- [PROBLEM DETAILS]
None of the pictures should appear; the lines from the line containing "Lehi And The Liahona Coloring Page" through the last line of the listing must be repeated exactly.

- [SUPPLIED MATERIAL]
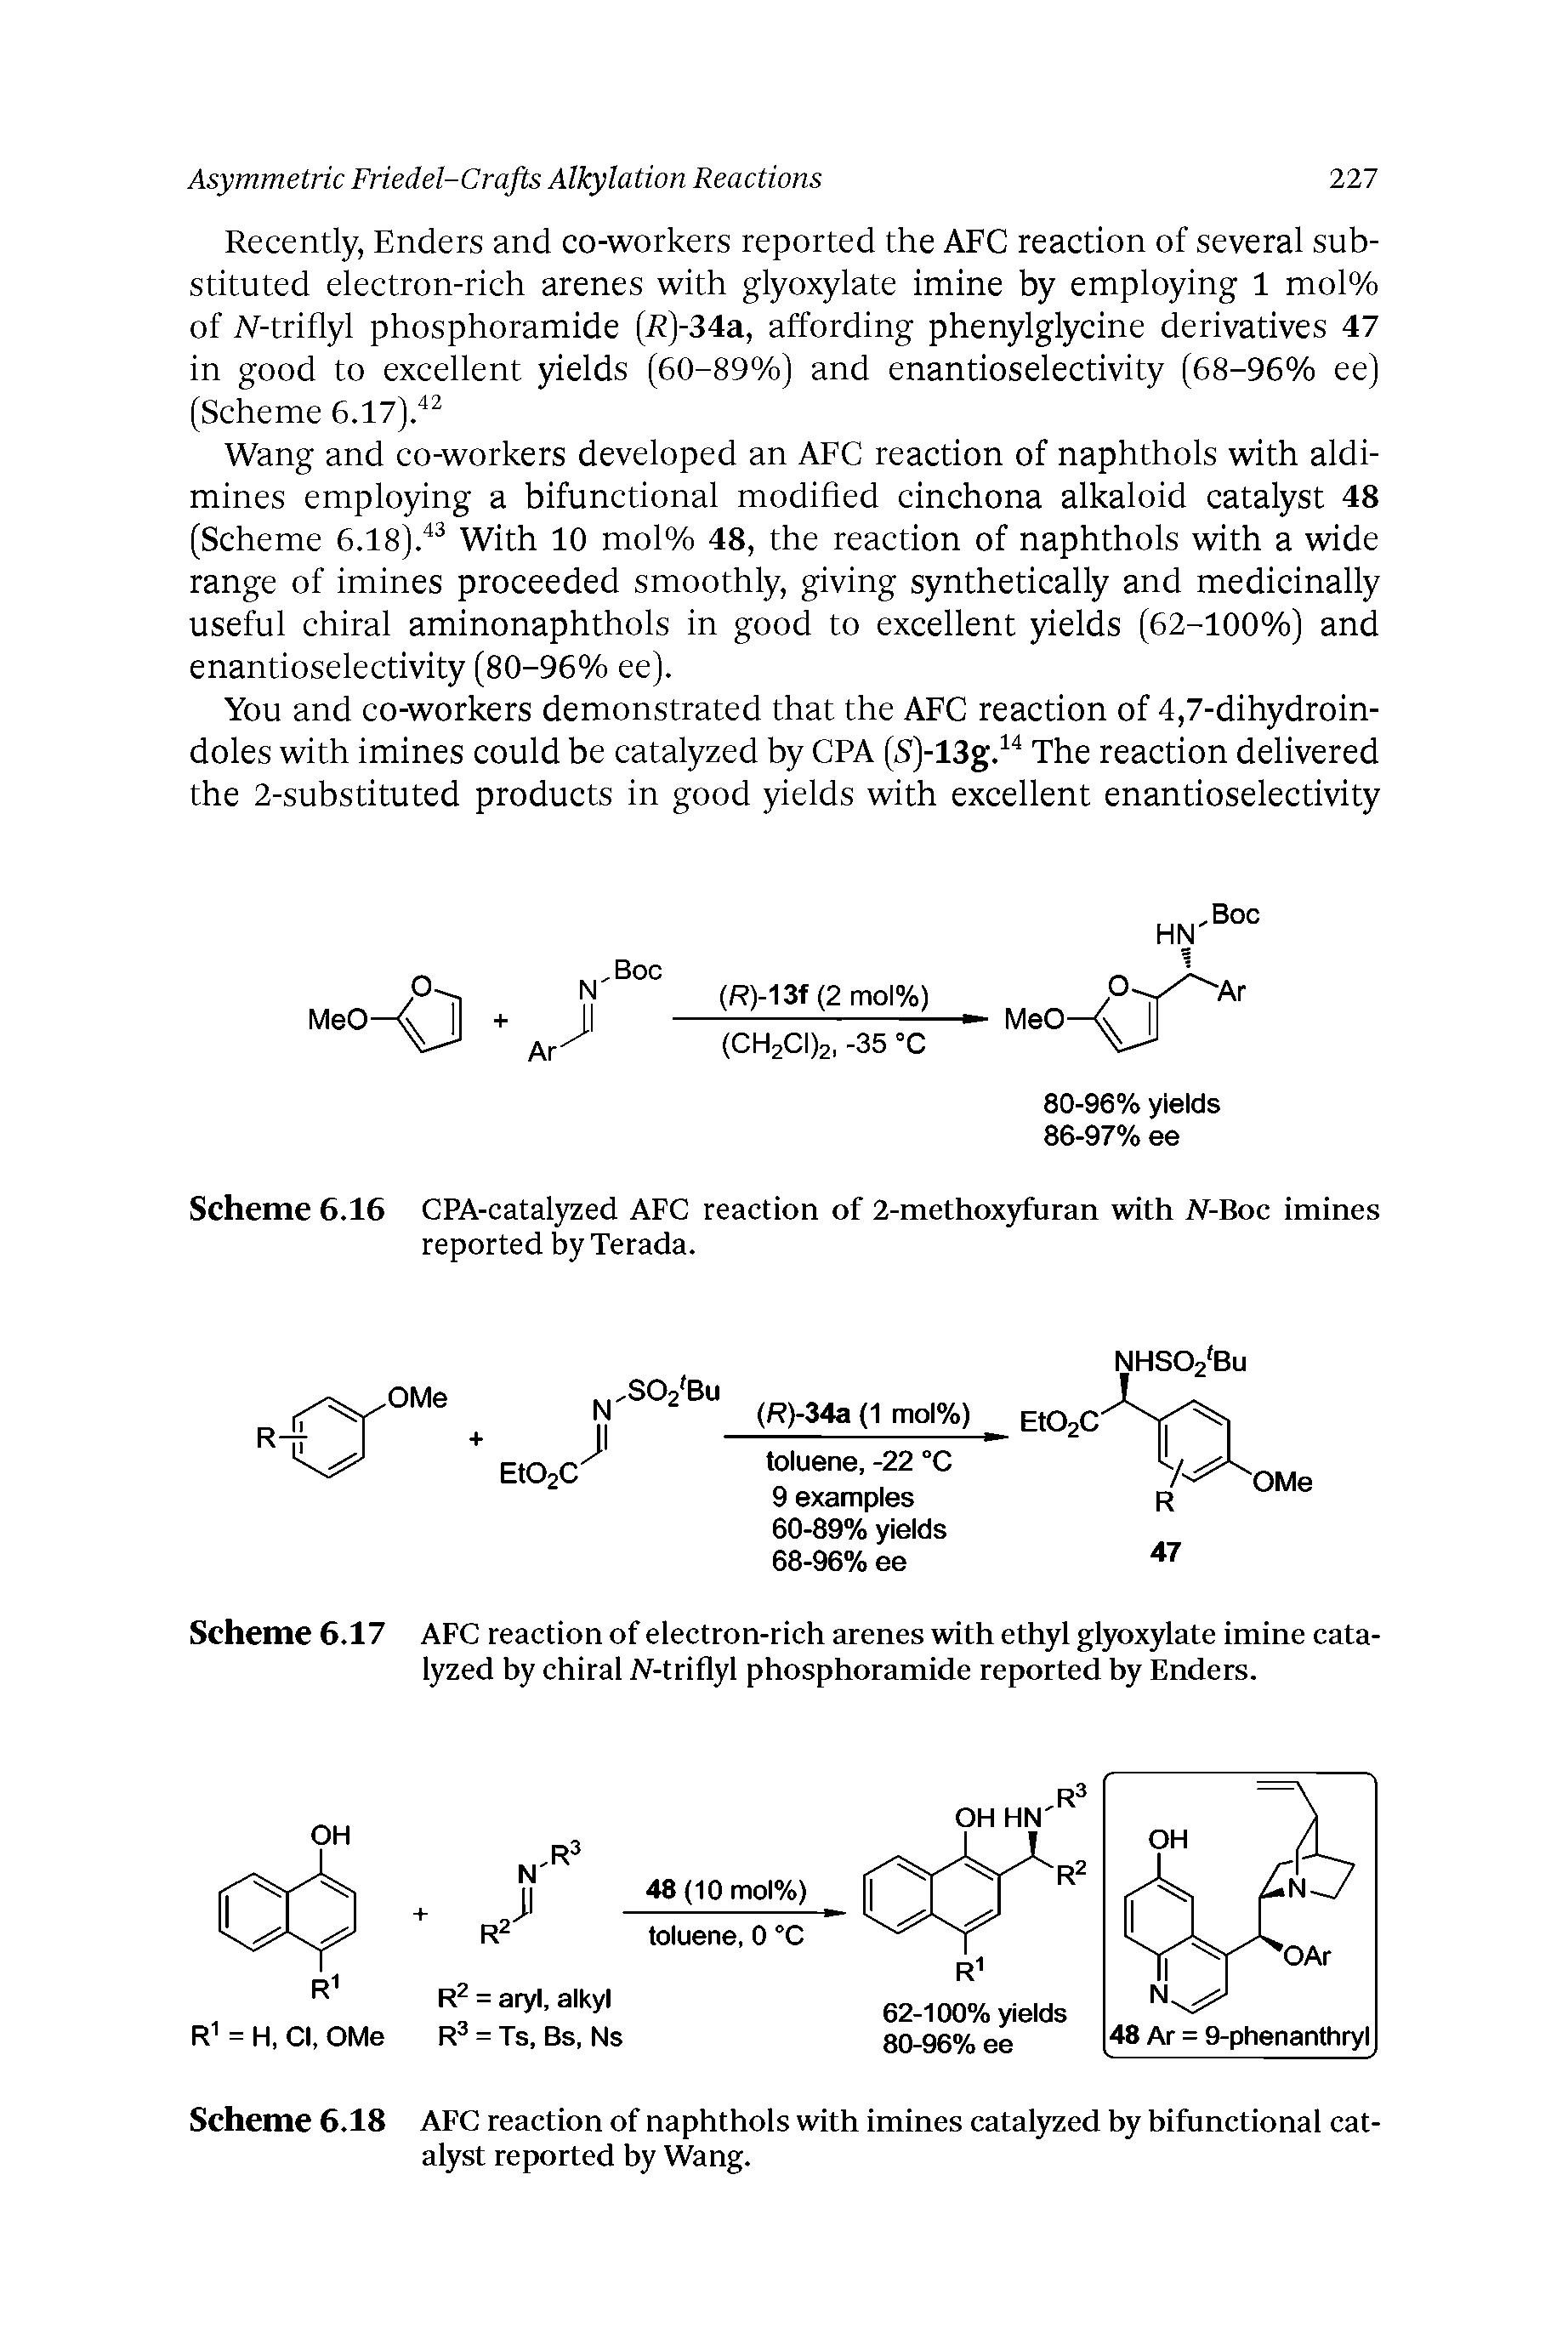 Scheme 6.17 AFC reaction of electron-rich arenes with ethyl glyoxylate imine catalyzed by chiral N-triflyl phosphoramide reported by Enders.
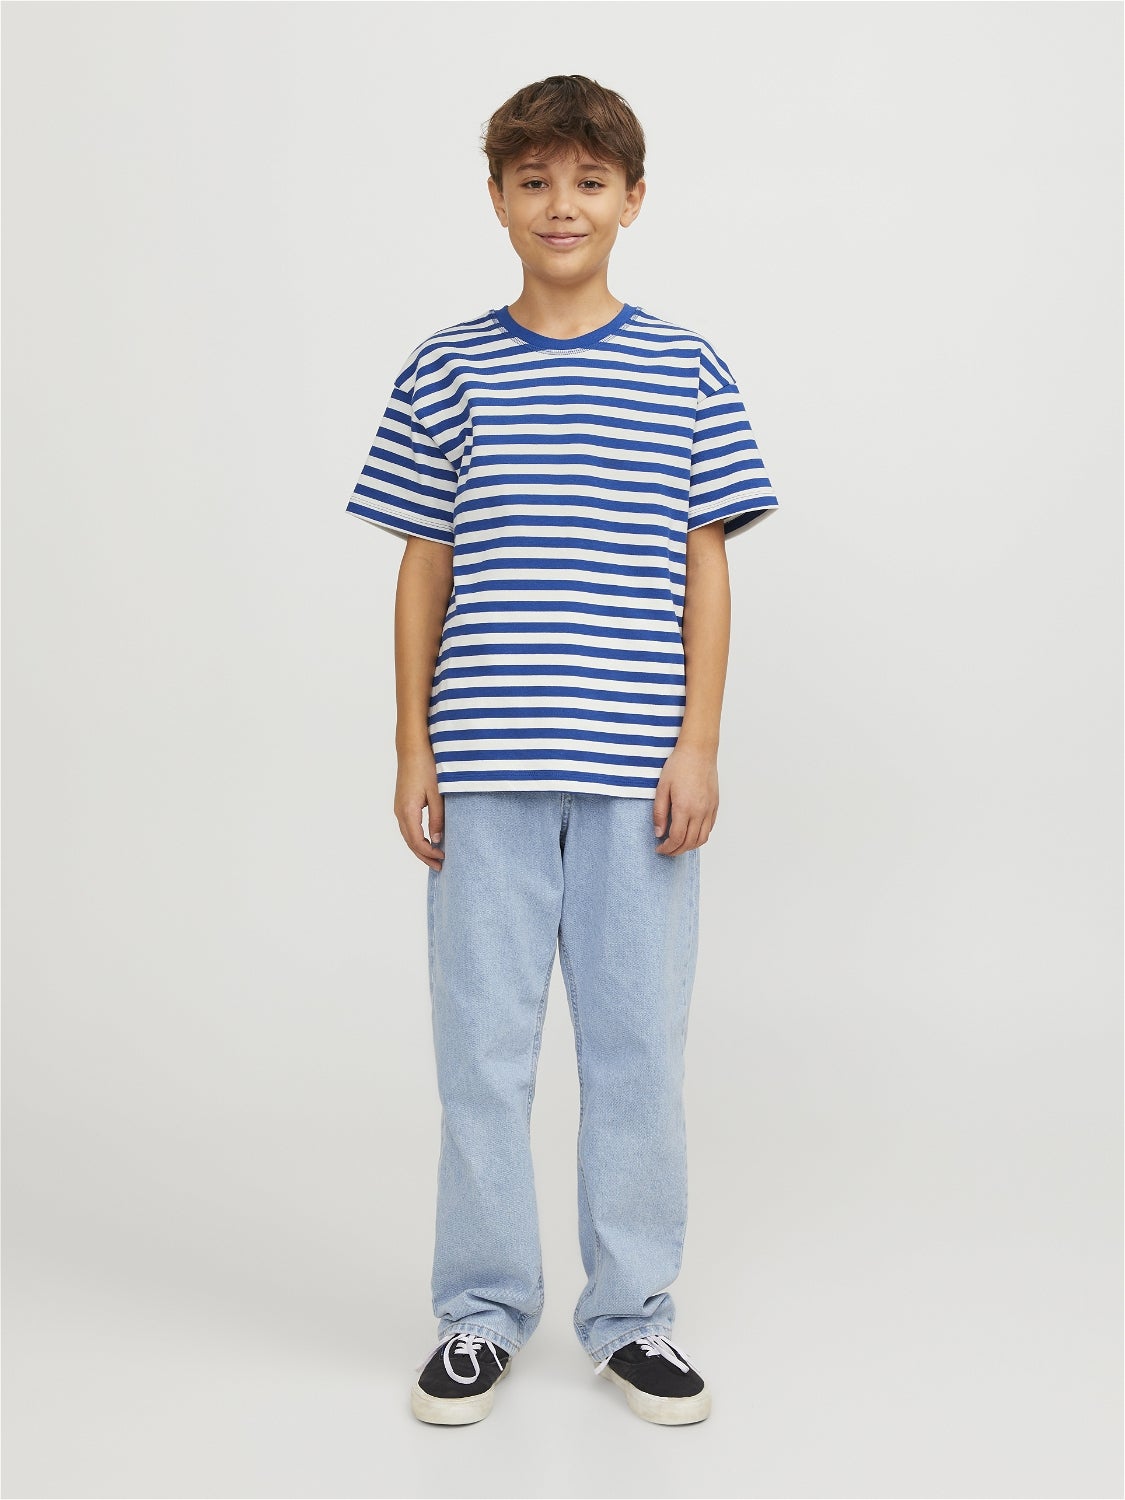 Striped T-shirt For boys
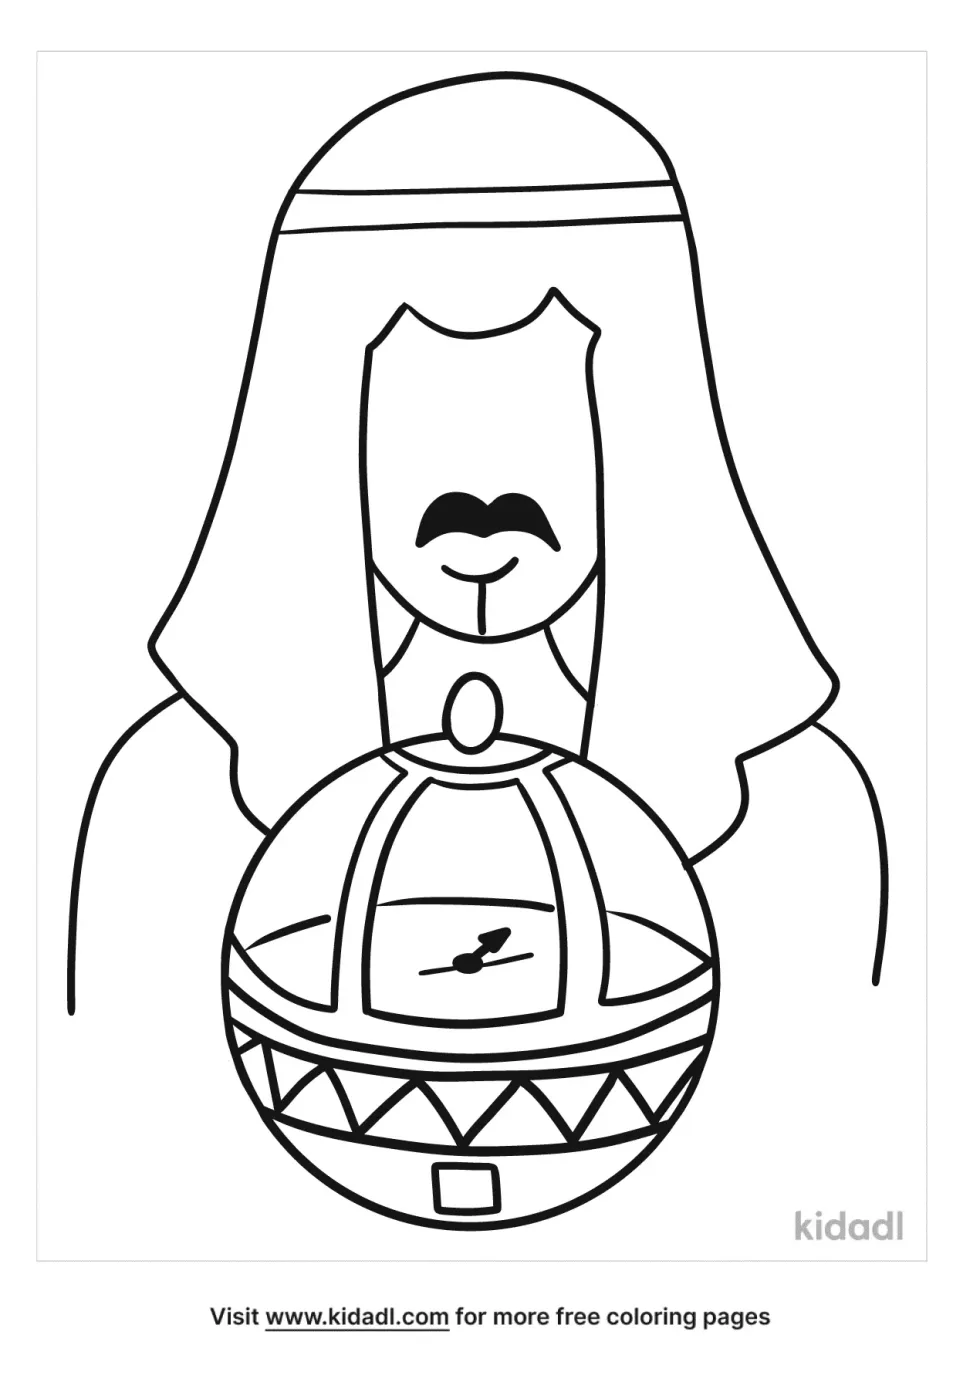 Lehi And The Liahona Coloring Page
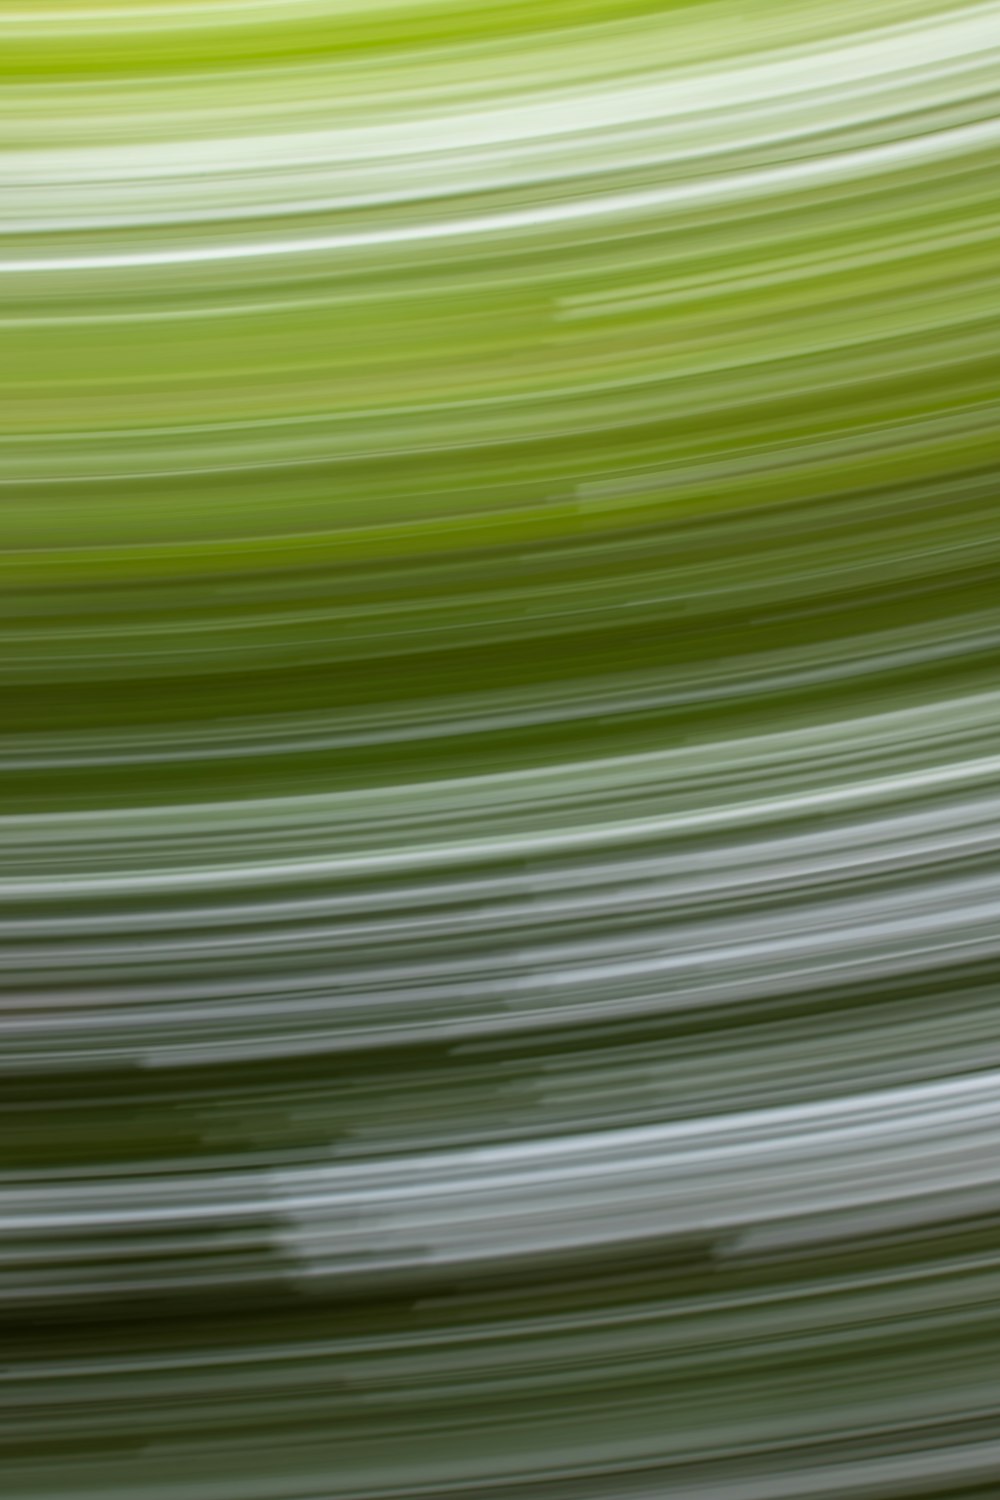 a blurry photo of a green and white object

- [EXPECTED ANSWER]
 Lehi And The Liahona Coloring Page
 a blurry photo of a green and white object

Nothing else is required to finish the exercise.